A review of three decades of research shows a majority of economic studies conclude that minimum wage hikes do cause significant job loss for affected employees. This was confirmed by the nonpartisan Congressional Budget Office (CBO), which has repeatedly reported millions of jobs would be lost as a result of enacting a federal $15 minimum wage. As recent as 2021, the CBO found the Raise the Wage Act would cost up to 2.7 million Americans their jobs.
This week, economists Priyaranjan Jha, David Neumark, and Antonio Rodriguez-Lopez revisited the 2010 method of determining the impacts of raising minimum wages on employment, focusing on the restaurant industry which employs a majority of minimum wage earners. They use the same research design as Dube, Lester and Reich, but use different geographic areas that more accurately depict labor market trends stemming directly from minimum wage changes. This analysis finds a 10% increase in the minimum wage causes a 2.4% decrease in employment off the bat.

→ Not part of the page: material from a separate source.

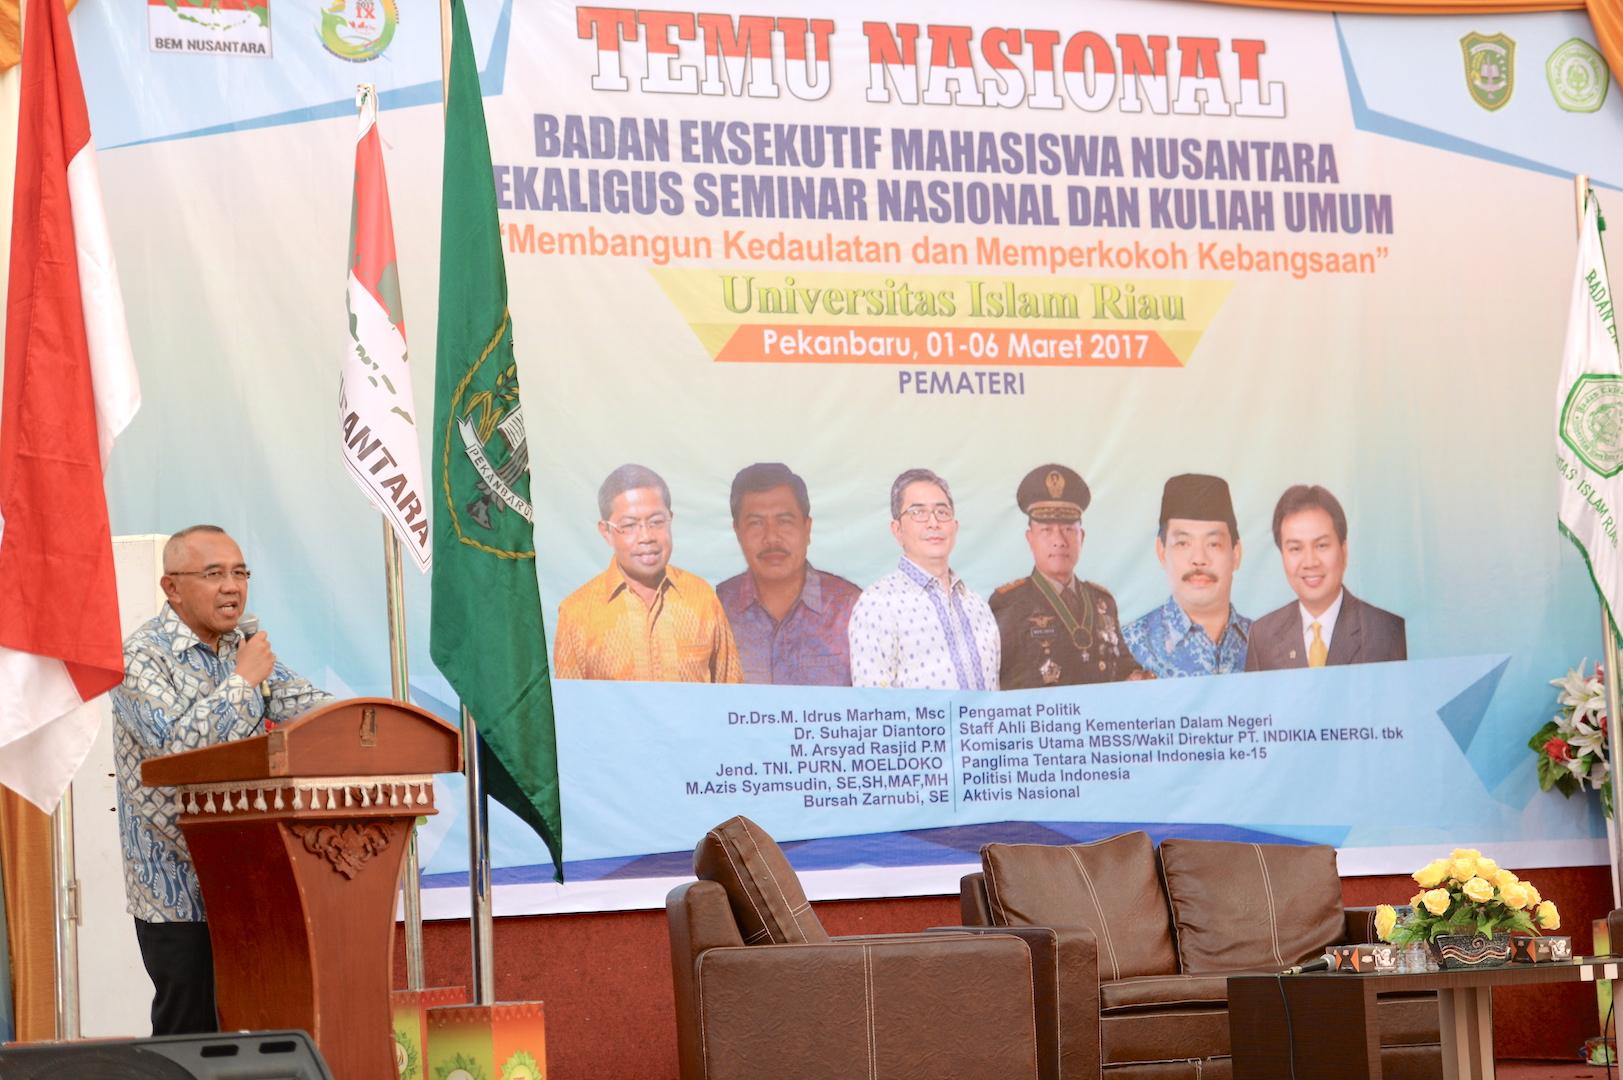 Permalink ke Gubri Hadiri Temu Nasional BEM Nusantara Sekaligus Seminar Nasional dan Kuliah Umum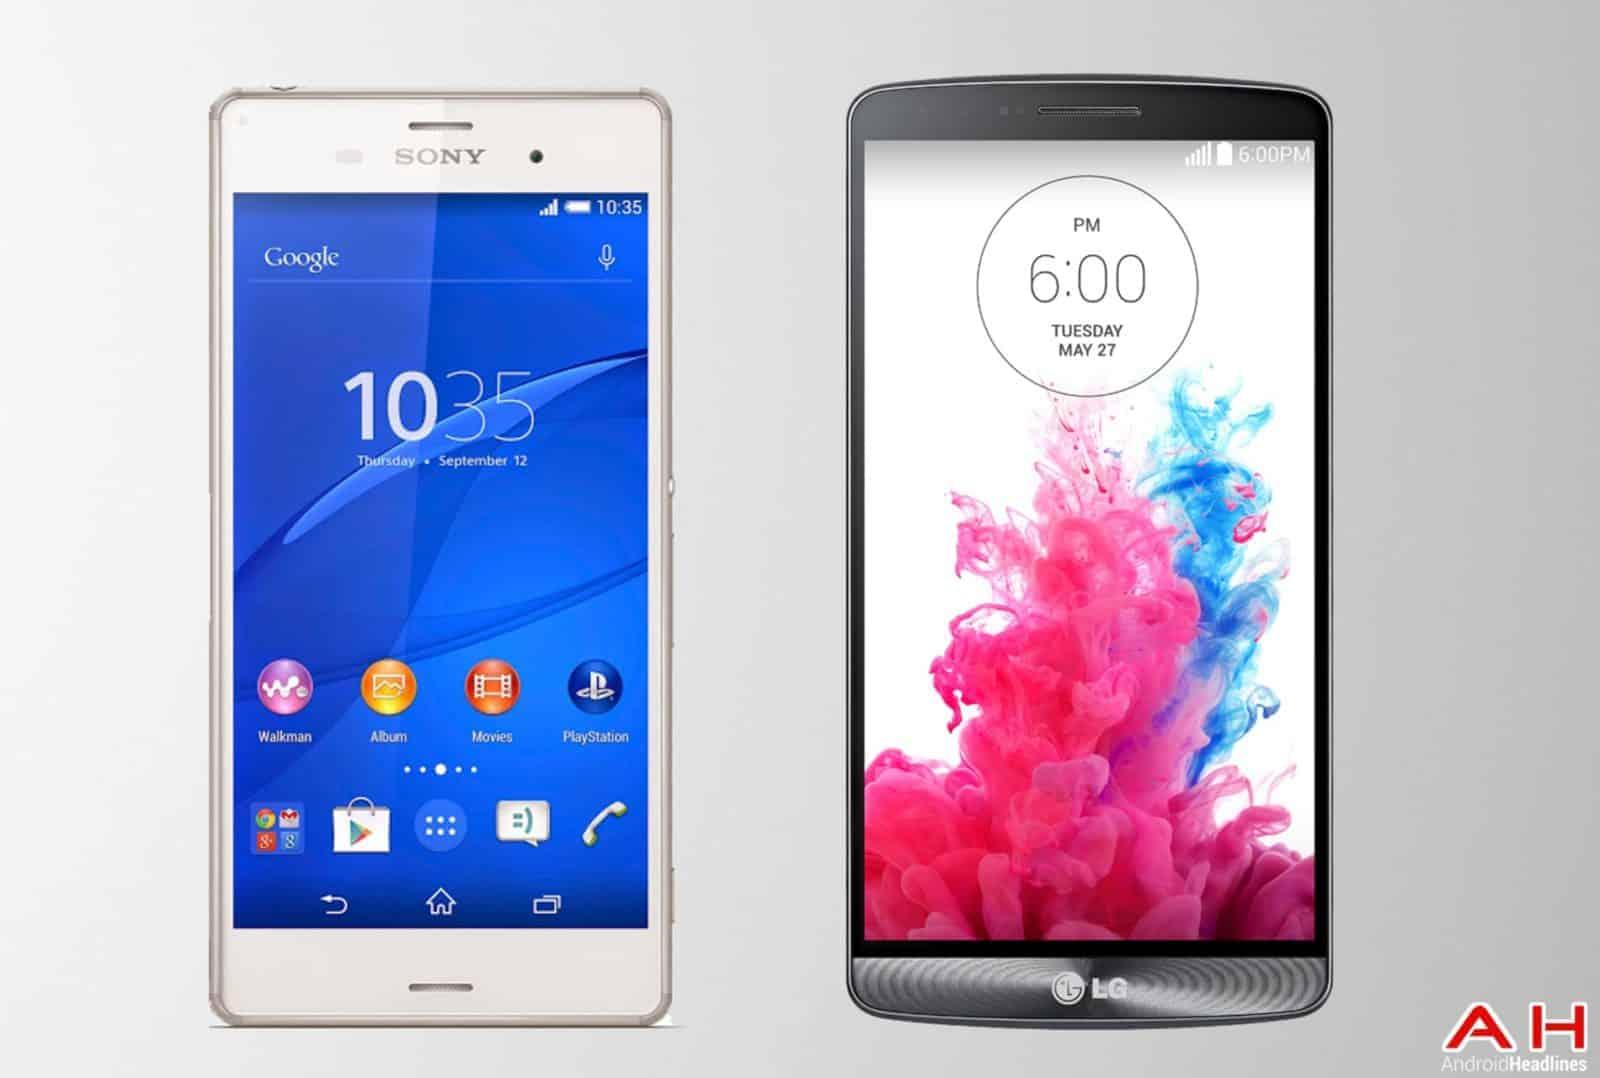 AH Sony Xperia Z3 vs LG G3

But the losses don’t stop there. They also find that these policies continue to have negative impact in the longer term. The authors find the cumulative negative effect of wage hikes on employment is almost three times as large (causing up to a 6.9% decrease in employment) four years after a hike is enacted.
While there is a long paper trail of evidence supporting this conclusion, wage hike advocates appear to be as desperate as possible to support their views – even as they cost millions of Americans their jobs. Moving forward, the impact of the minimum wage hike agenda is clear: raising the floor sounds like good optics for lawmakers, but ultimately hurts the employees they say they want to help.